Stored data ::
▶
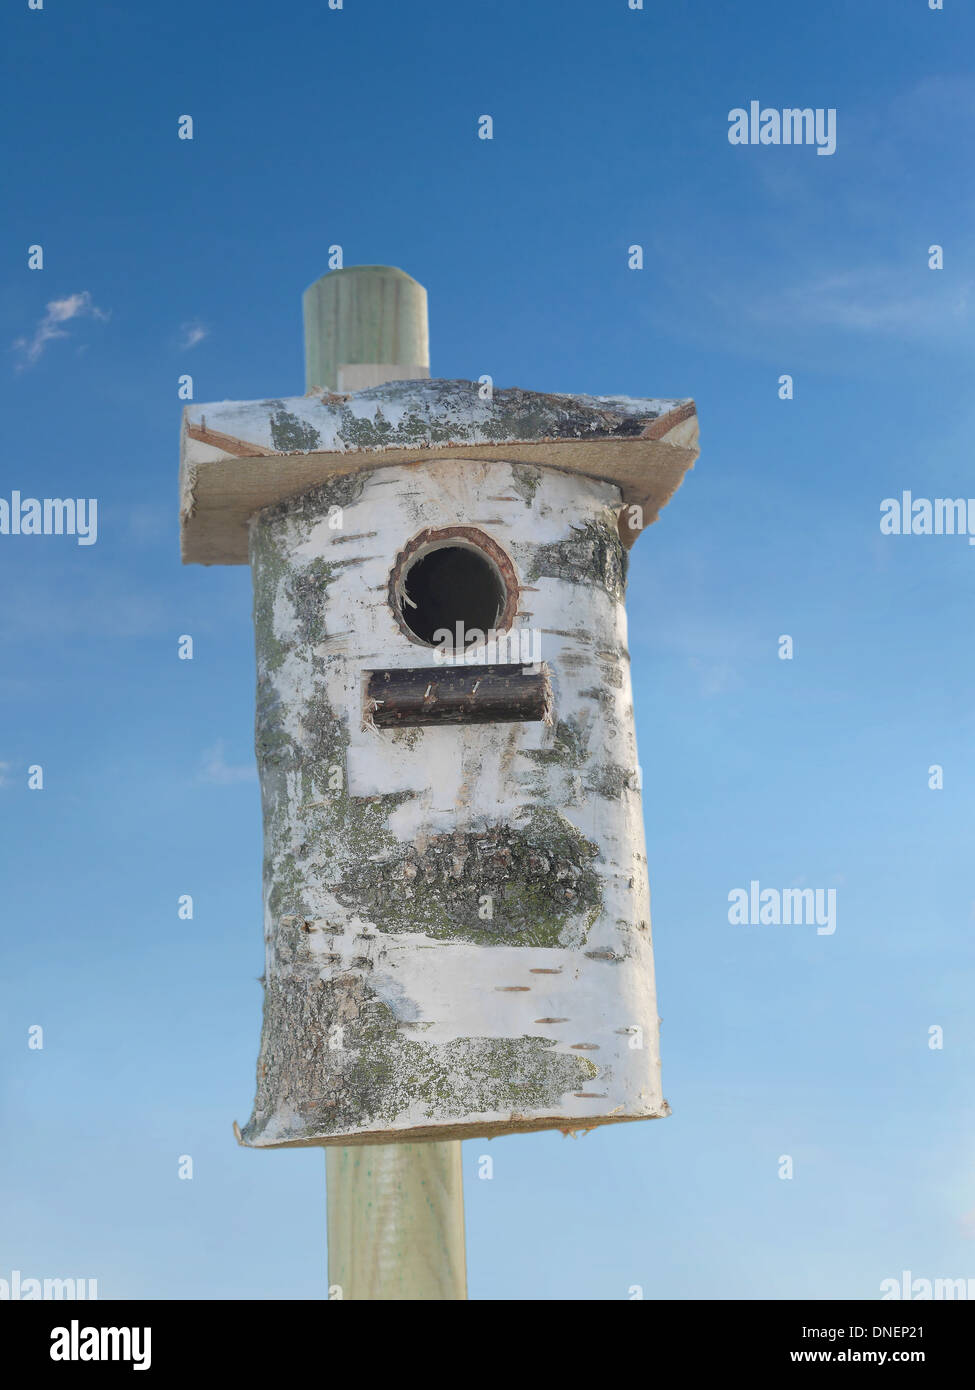 Wooden nesting box over blue sky Stock Photo
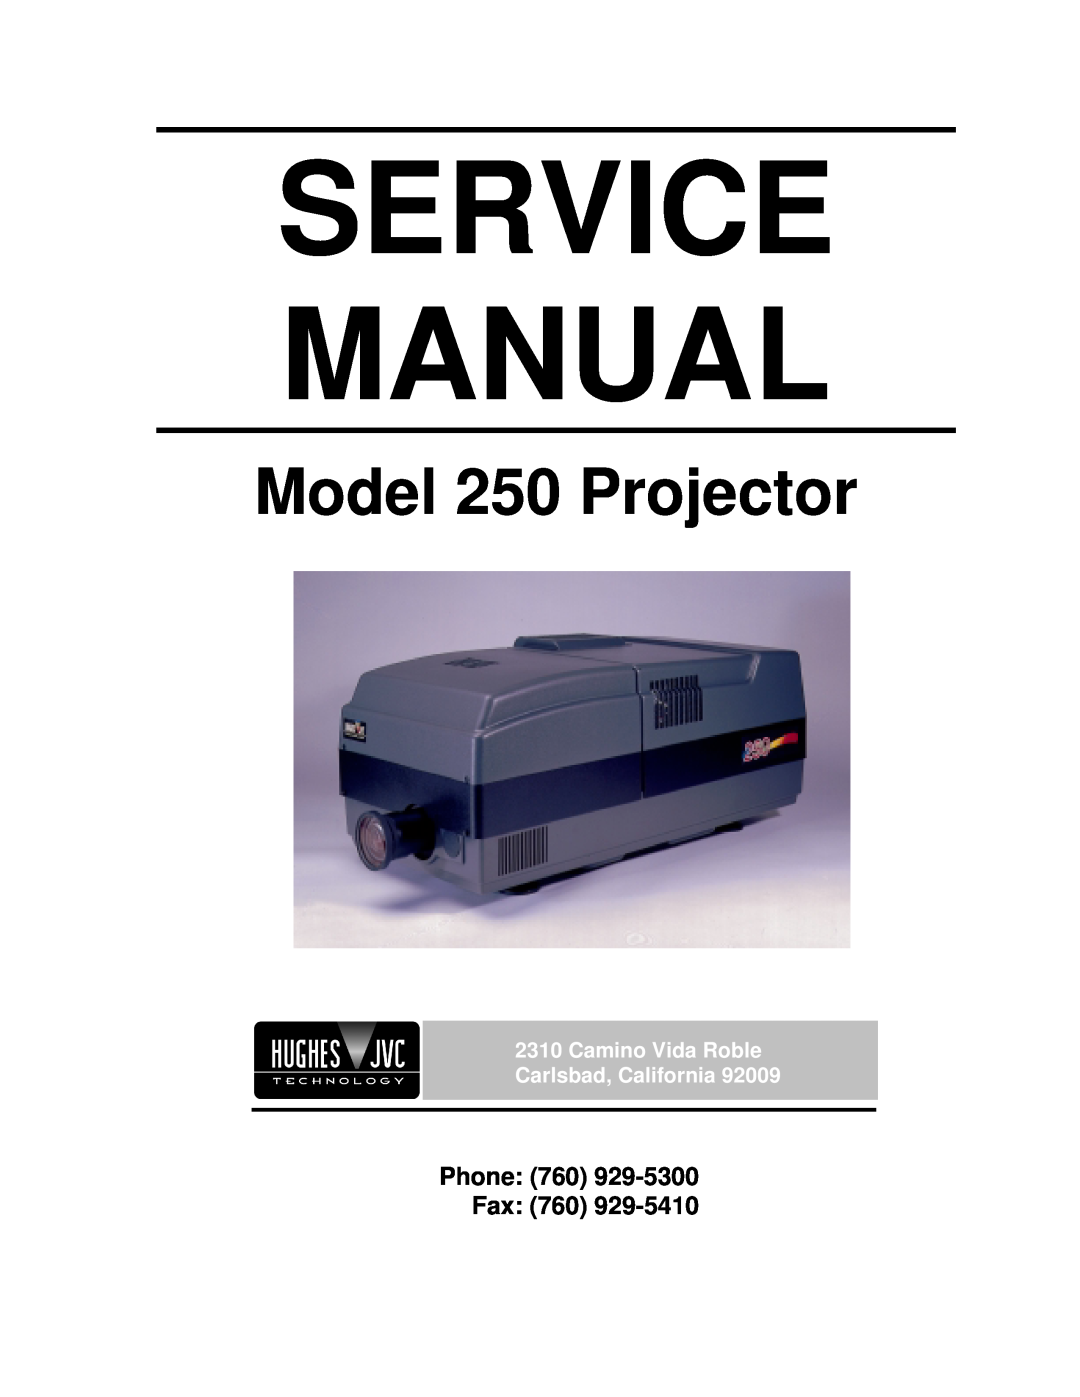 JVC service manual Service Manual, Model 250 Projector, Phone 760 929-5300 Fax 760 
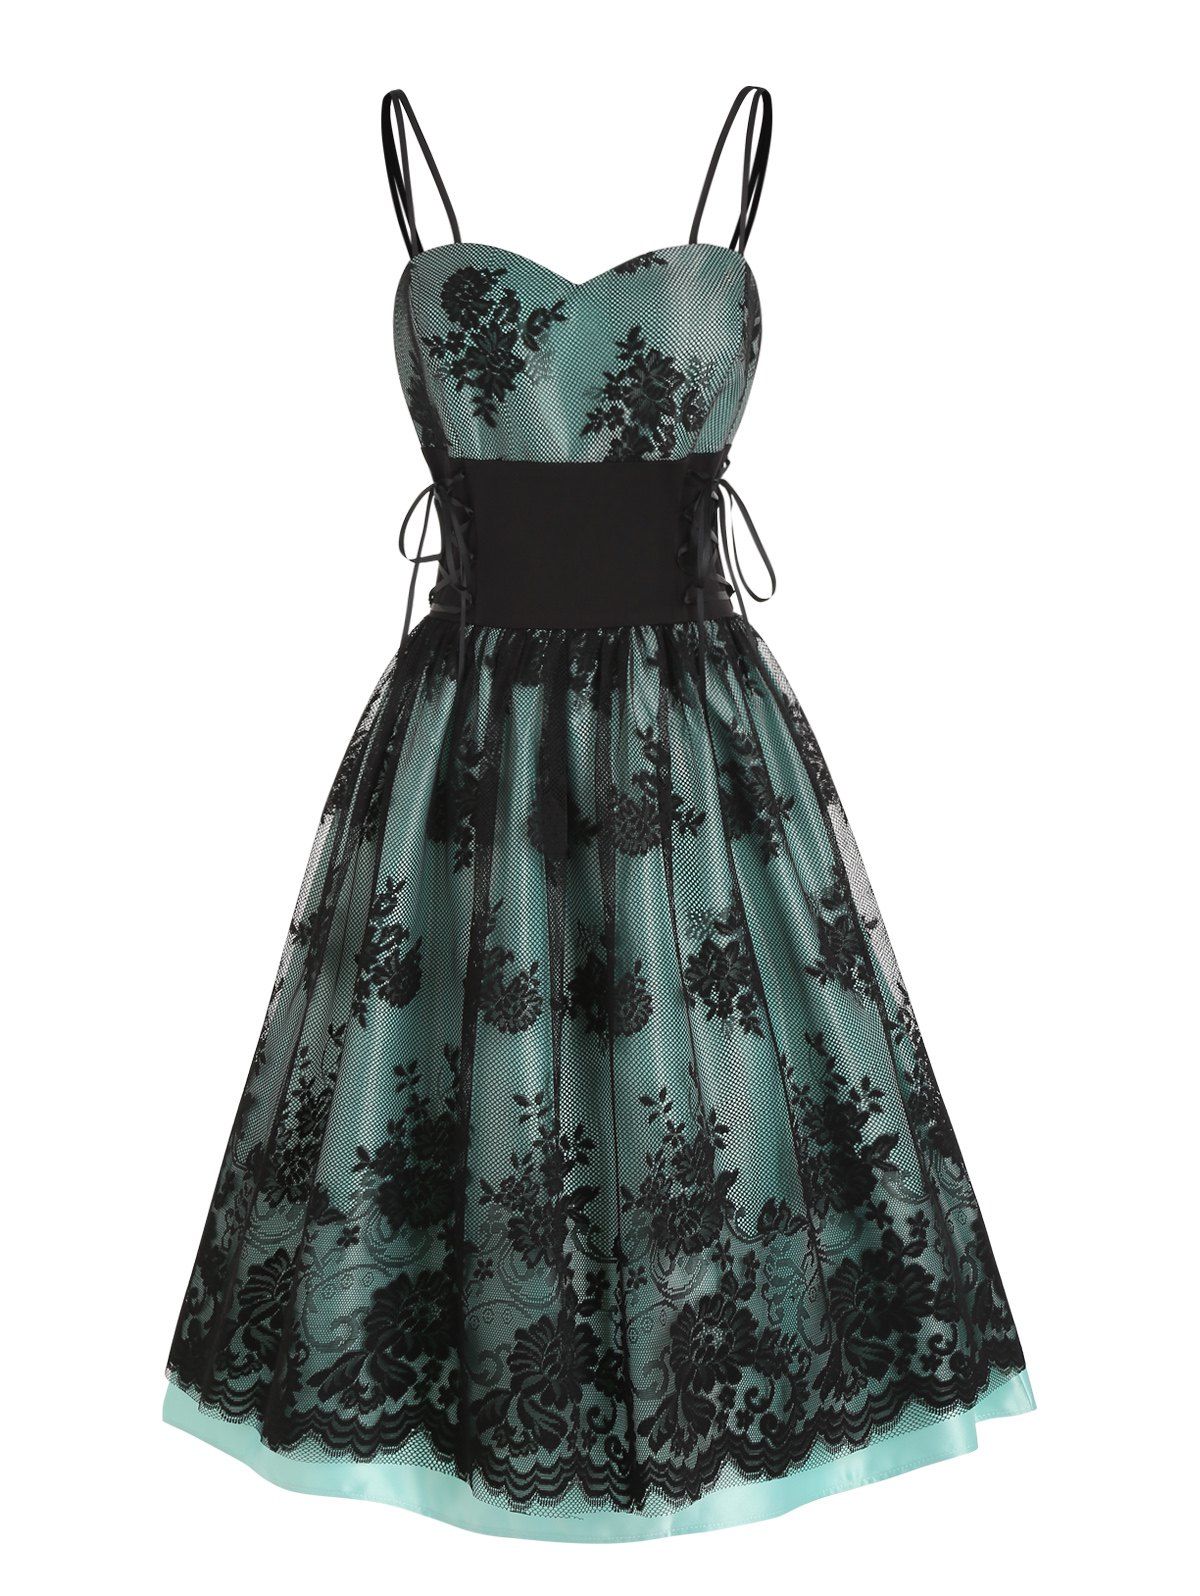 Party Dress Rose Lace Overlay Lace Up Sleeveless Spaghetti Strap High Waist A Line Midi Prom Dress - GREEN 2XL
◀
Task directions ::
All the lines above should be reproduced exactly, and none of the pictures.

Output for this exercise ::
 Wooden nesting box over blue sky Stock Photo
 JVC service manual Service Manual, Model 250 Projector, Phone 760 929-5300 Fax 760 
 Party Dress Rose Lace Overlay Lace Up Sleeveless Spaghetti Strap High Waist A Line Midi Prom Dress - GREEN 2XL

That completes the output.